This is my keynote for ECP 2026, the 22nd European Conference on Personality in Edinburgh.
The talk in brief
Here are the theses, following the deck slide by slide.
The question. “To use, or not to use?”
The debate. Weigh both sides before you commit.
- Pros: efficacy, breadth of knowledge, speed.
- Cons: genuine, and worth taking seriously (Jowsey et al., 2015).
- The field has not stayed quiet: 416 researchers pushed back with detailed arguments for and against LLMs in qualitative research (preprint).
Actually, it does not matter which way the debate falls.
- LLMs are already a reality, whatever one concludes on the merits.
- Using them is a form of literacy now, not an open dilemma. So the real question is not whether but how.
Key cons. Three obstacles that actually bite.
- Lack of skills (AI, IT, software development, awareness of existing tools).
- Reinventing the wheel.
- Transparency and reproducibility.
Toolkit / know your tool. Claude and ChatGPT are more than a chat box.
- Most people stop at the chat box.
- Basics: instructions, projects, modes (web search, research).
- Advanced: useful MCPs (arXiv, memory, Notion…), Knowledge / RAG (Zotero and reference managers), Claude Cowork, ChatGPT Agents.
- Pro: CLI agents (Claude Code, Codex) and Skills.
Toolkit / RAG. Ground the model in your own library.
- References database, user query, search for similar documents, augmented query, generation with the retrieved results, response.
- Answers anchored to your sources, not the model’s guesswork.
Toolkit / Skills. One reusable bundle, three ingredients.
- Instructions, extracts from knowledge, scripts.
- We already have writing, analysis, auditing and designing shipped as default skills, many of them open source.
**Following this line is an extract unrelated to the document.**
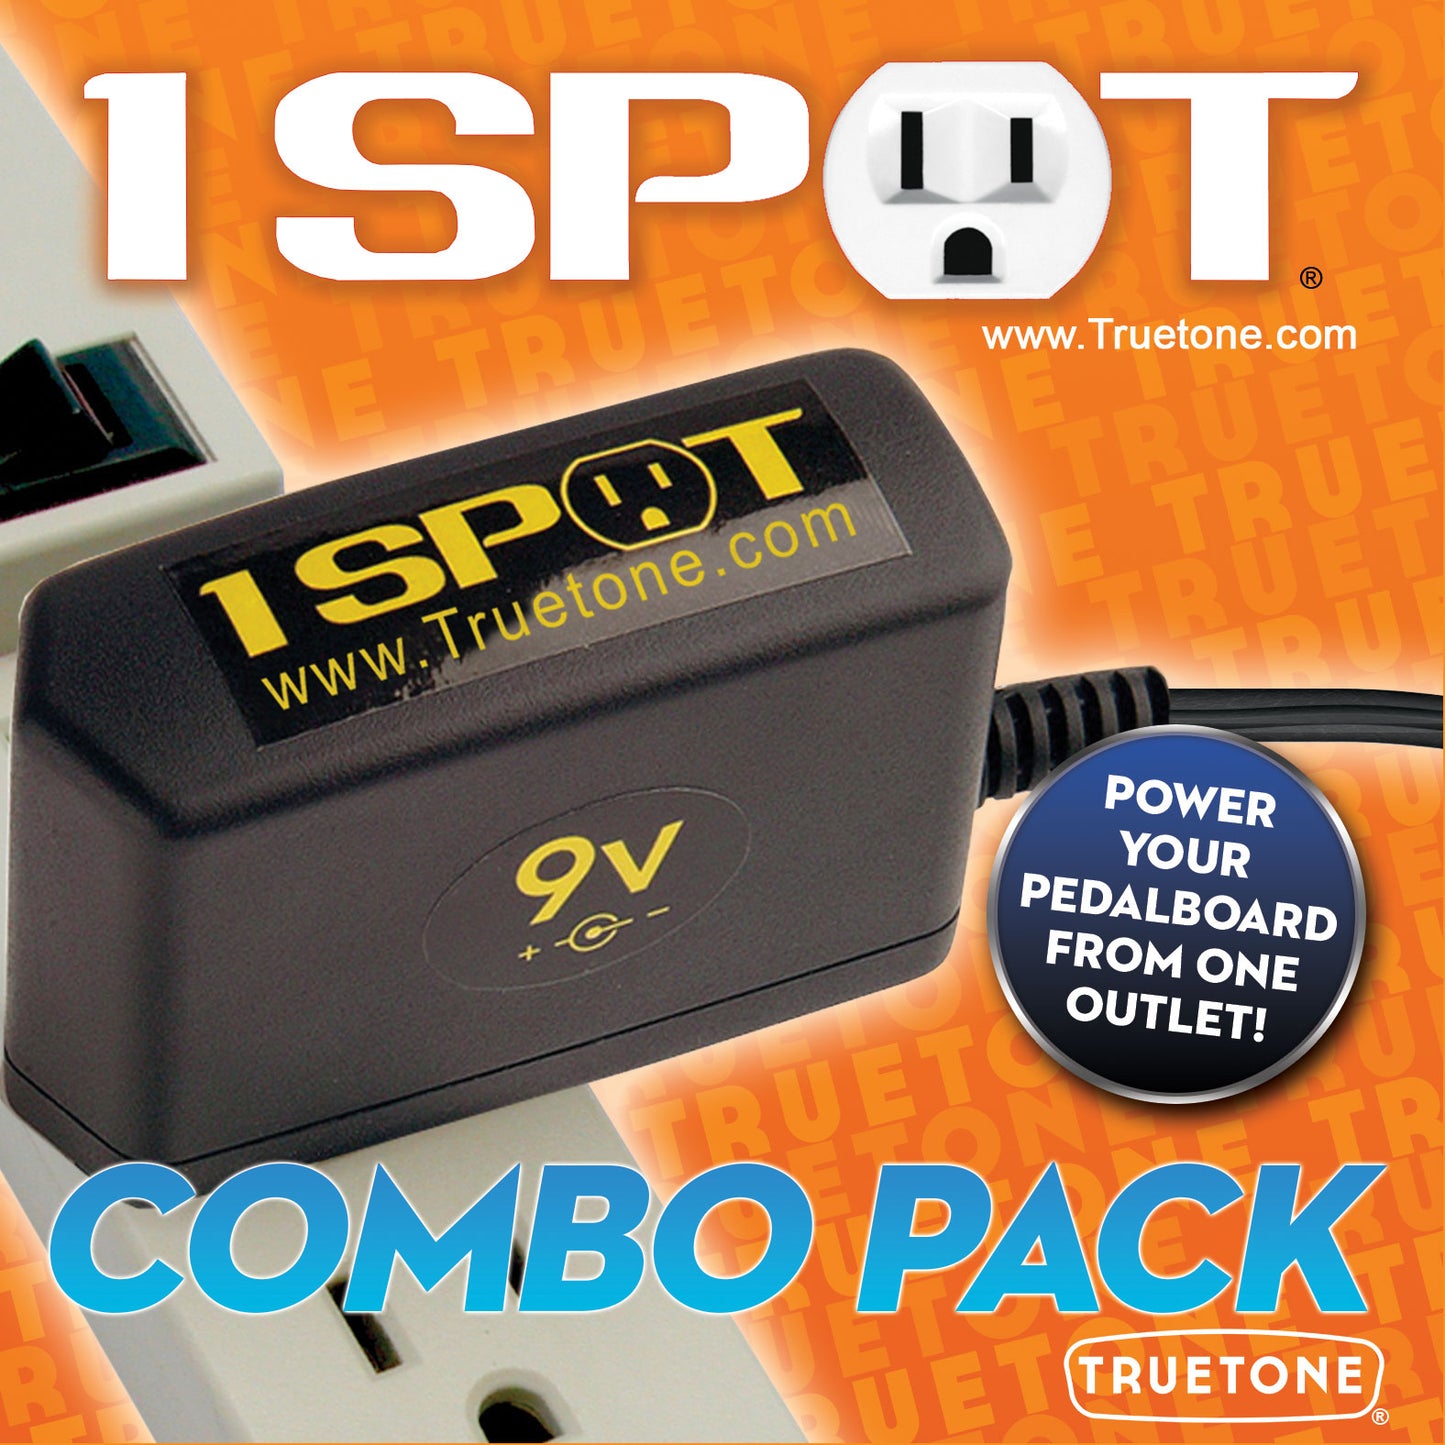 1SPOT Combo Pack

Toolkit / in practice. Qualitative psychology skills.
- Repo psy-qm-skills: codebook-construct, segment, codebook-apply, codebook-validate, irr-report, case-finder, codebook-iterate, memo-write.
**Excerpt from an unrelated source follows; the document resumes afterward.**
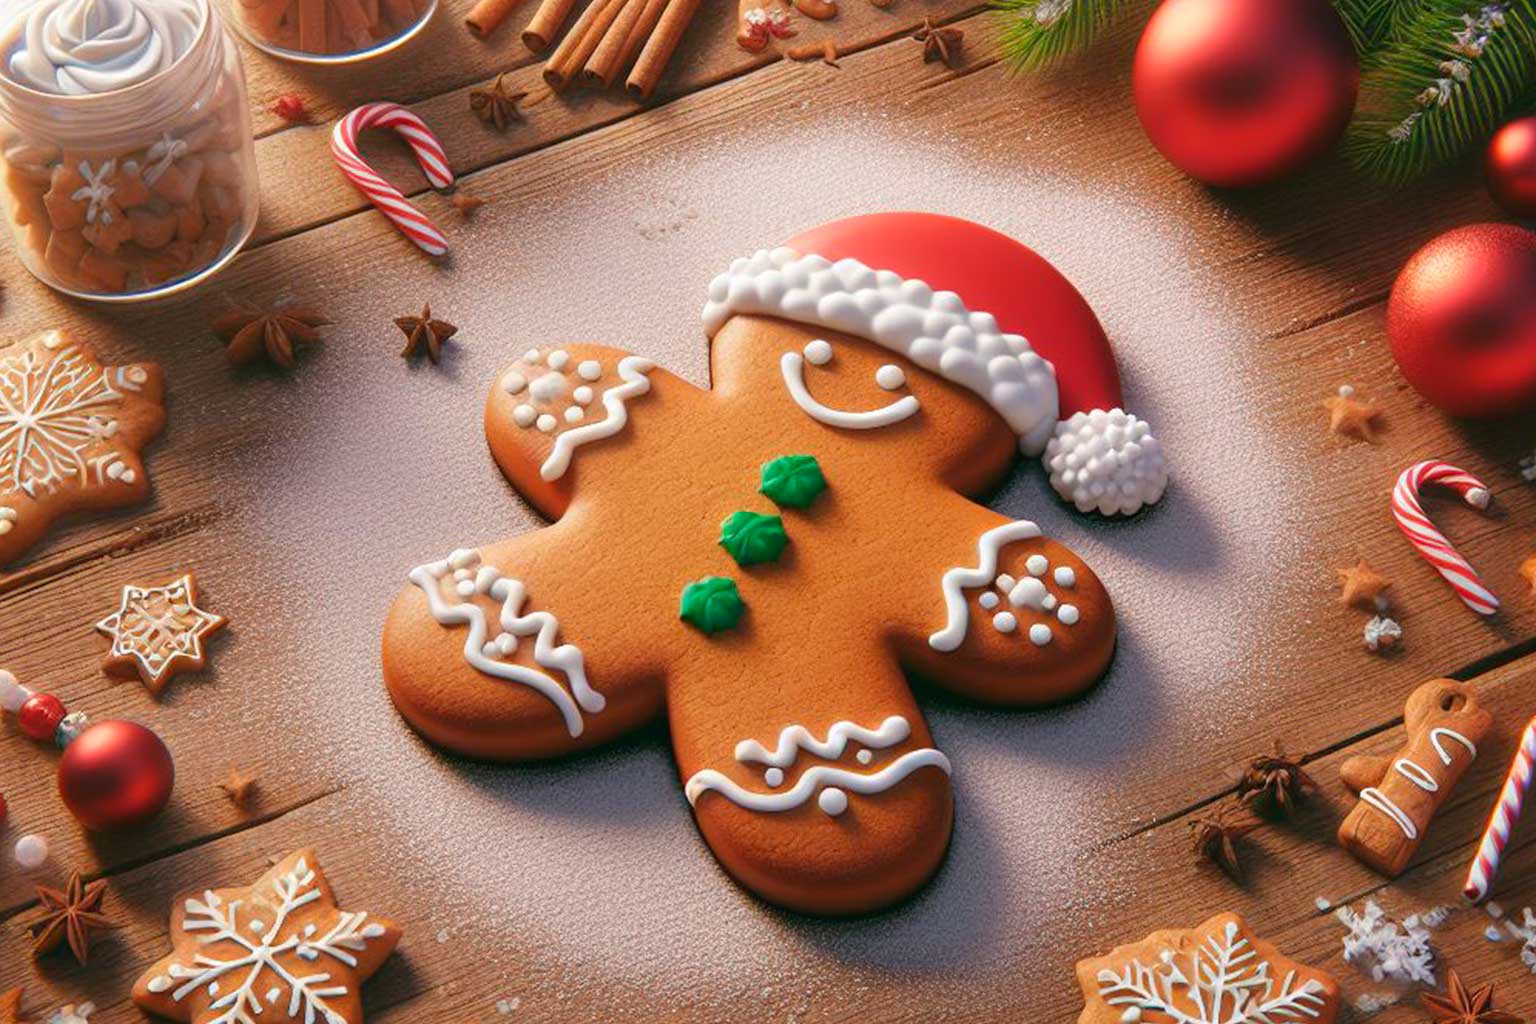 Biscoito Gingerbread em formato de boneco decorado

- Benefits: reusability, transparency, audit log, efficacy.
Applications. What we can actually do with LLMs.
- Assisted research.
- Auditing and compliance.
- Large-corpora analysis.
- Maths.
- Piloting.
- Tech: transcribing, restoring, summarising.
Open source and confidentiality. Flagship models are excellent, but they are not the only option.
- OSS models are usable too: GLM, Kimi, MiniMax, DeepSeek, Mistral, Qwen, Llama, Gemma.
- Run open models locally so sensitive participant data never leaves your own infrastructure.
Recap. Five takeaways.
- Know your tool.
- Go beyond prompting.
- Use RAG.
- Use skills.
- Share with the community.
If you were in the room, thank you for coming. If you were not, I hope the deck and the theses are enough to carry the argument. Either way, the honest position is that this is a moving target, and the best thing we can do is keep sharing what works.
Links
- Skills repo: github.com/smirik/psy-qm-skills
- Reading collection, LLMs in qualitative psychology: readmarginalia.com/collections/llms-in-qualitative-psychology
- Referenced preprint, the 416-researcher debate: osf.io/preprints/psyarxiv/25ywa_v1
References
- Smirnov, E. (2024). Enhancing qualitative research in psychology with large language models: A methodological exploration and examples of simulations. Qualitative Research in Psychology, 1–31. https://doi.org/10.1080/14780887.2024.2428255
- Smirnov, E., & Carruba, V. (2026). Evaluating multimodal commercial and open-source large language models for dynamical astronomy: A benchmark study of resonant behavior classification. Scientific Reports, 16(1), Article 10785. https://doi.org/10.1038/s41598-026-45926-y
- Smirnov, E. (2026). From prompts to skills: Open, reusable tools for large language model-assisted qualitative research in psychology [Manuscript submitted for publication]. Qualitative Research in Psychology.